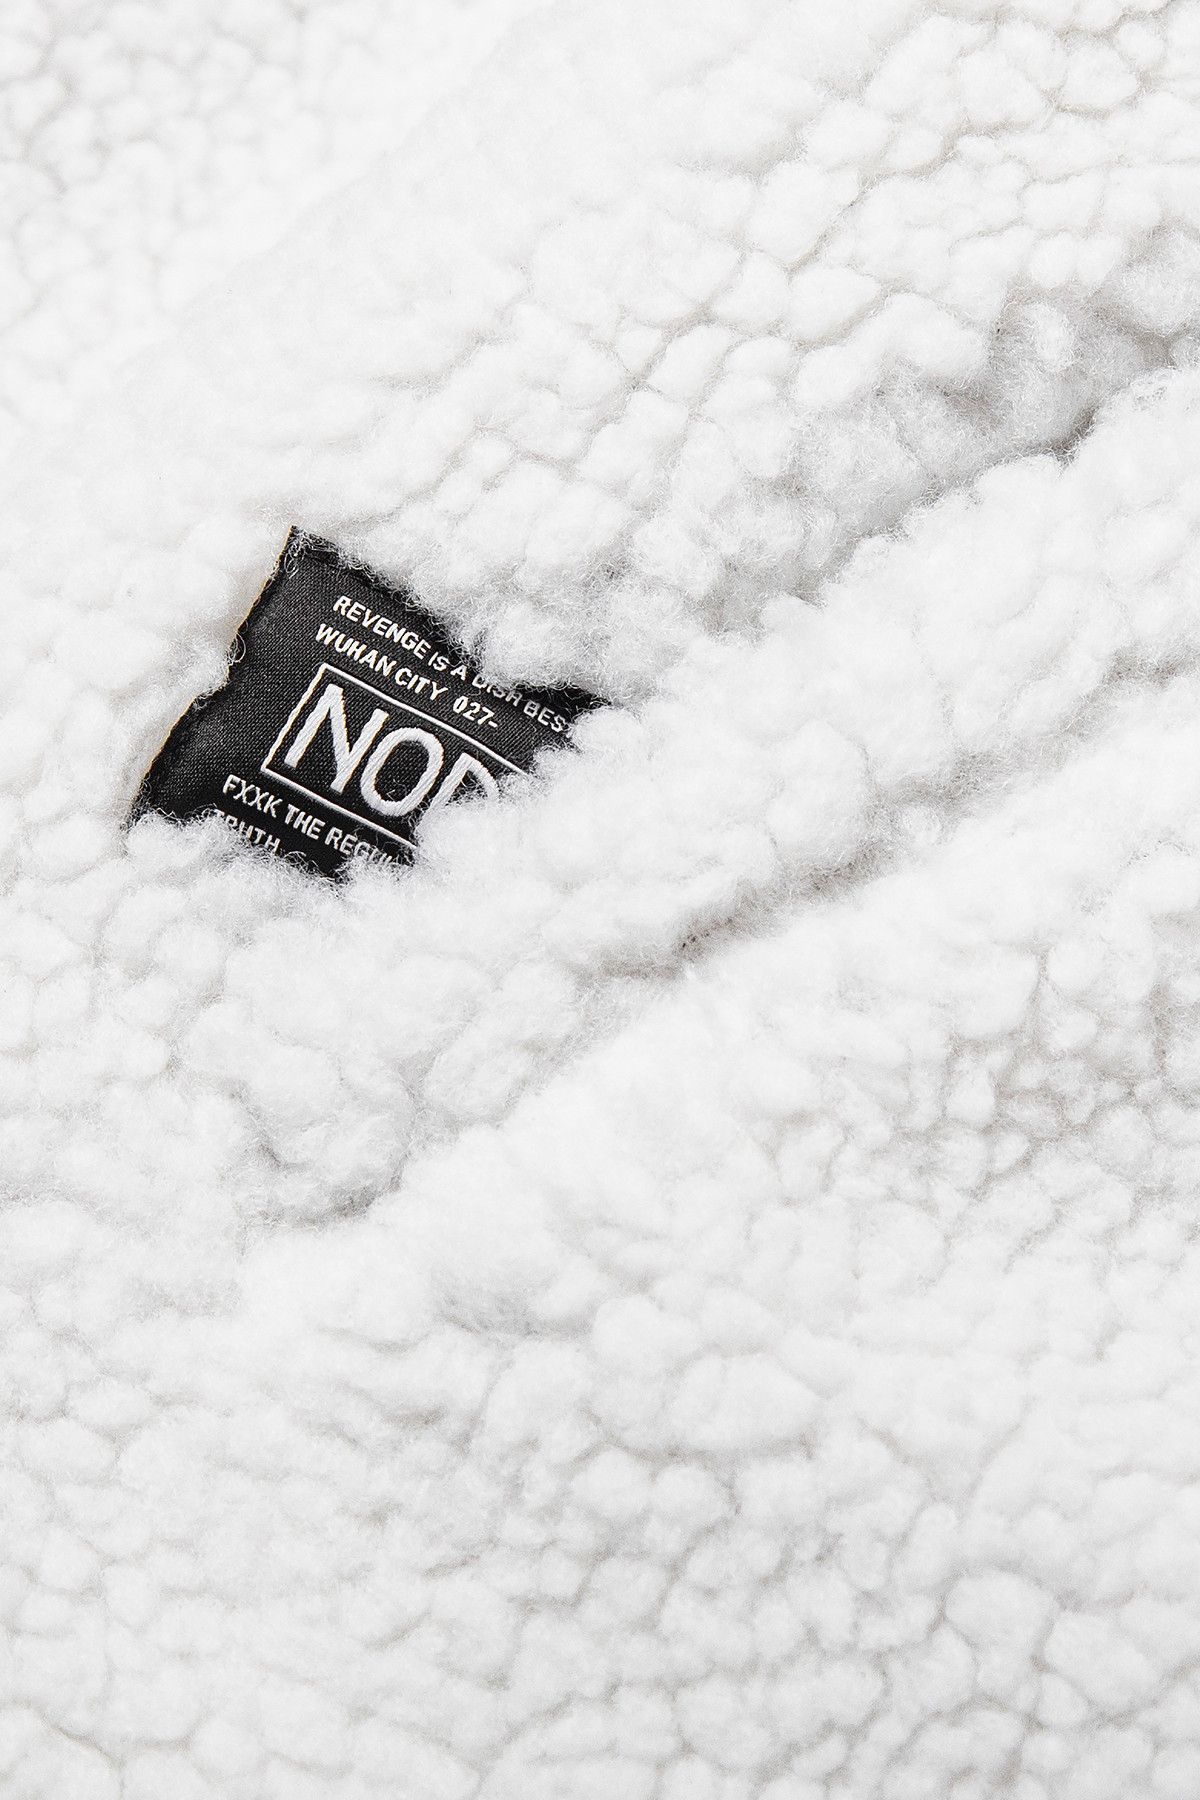 Hype - Nodot: Bebber Fleece NOD Embroidery White Coat Large - 8
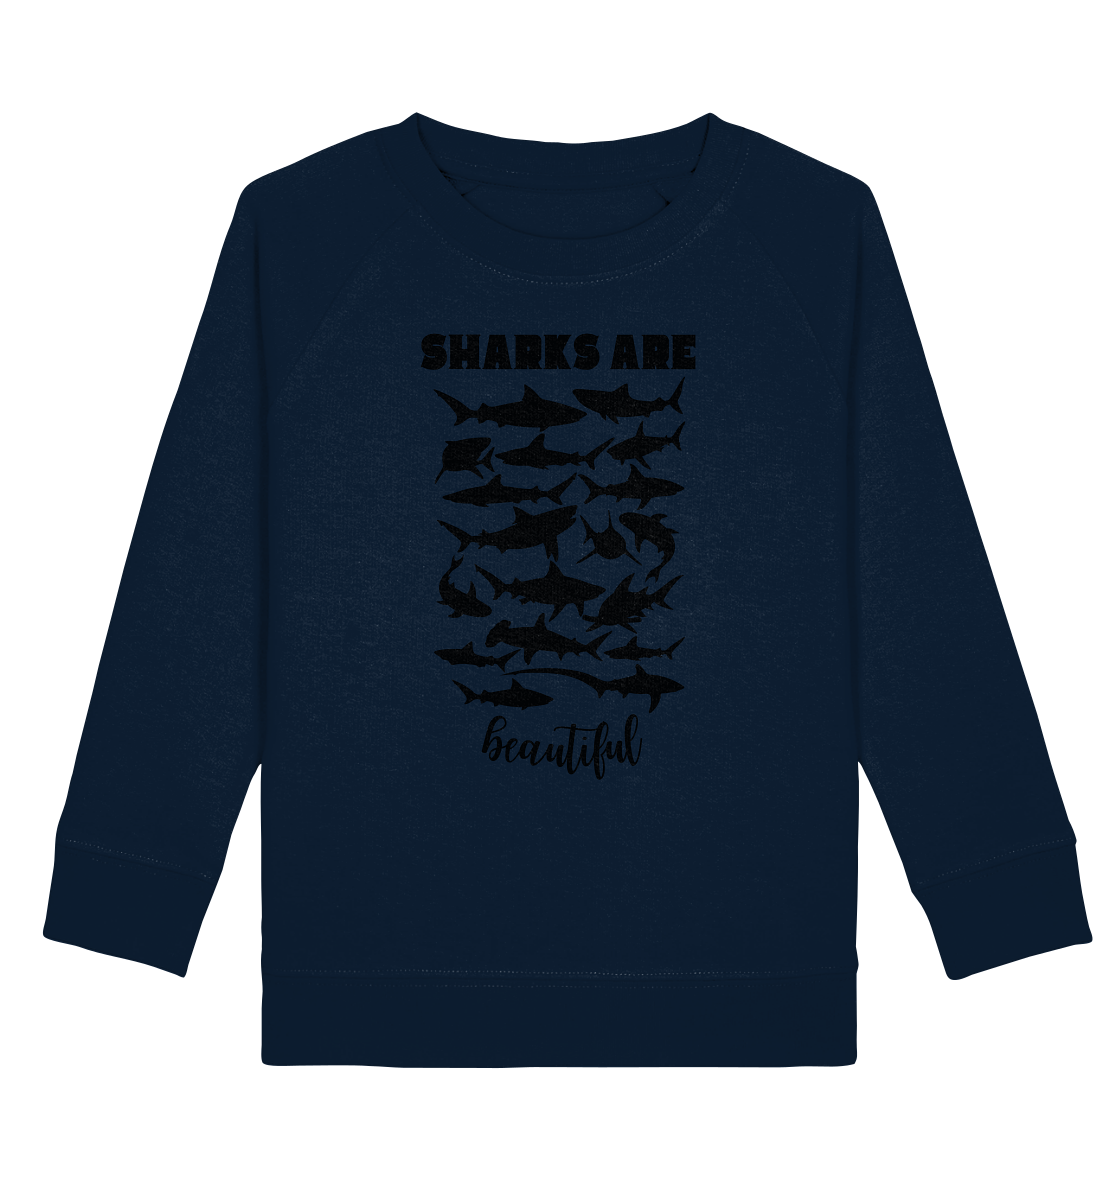 Sharks are beautiful - Kids Organic Sweatshirt
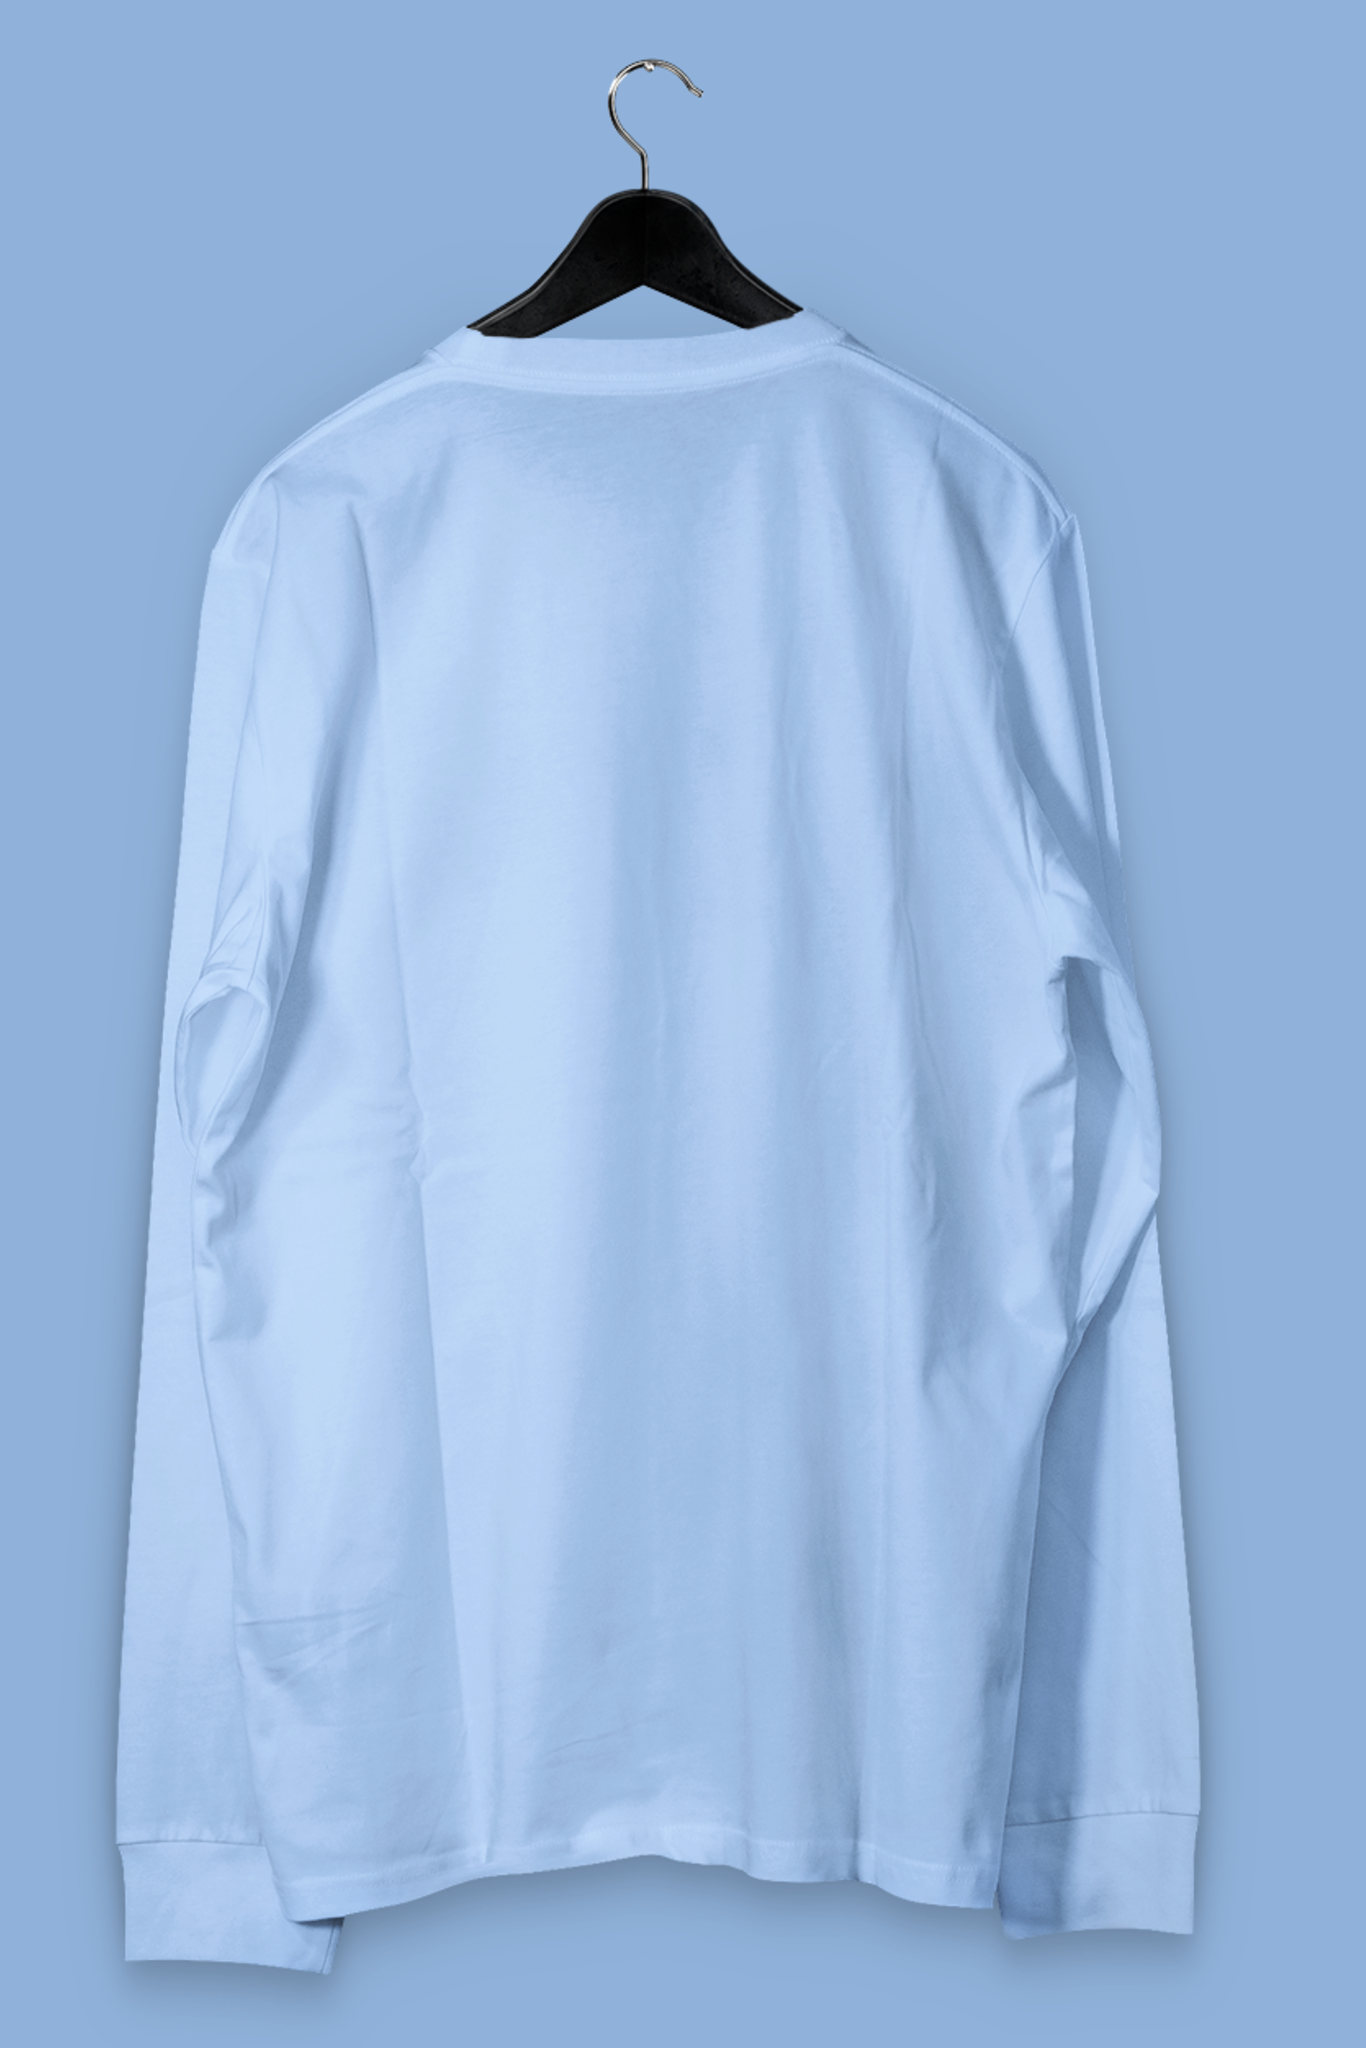 Unisex Sweatshirt: Aqua

══════

Set down all of the data word for word; no pictures belong in it.

RESULT OF THE EXERCISE
 Hype - Nodot: Bebber Fleece NOD Embroidery White Coat Large - 8
 Sharks are beautiful - Kids Organic Sweatshirt
 Unisex Sweatshirt: Aqua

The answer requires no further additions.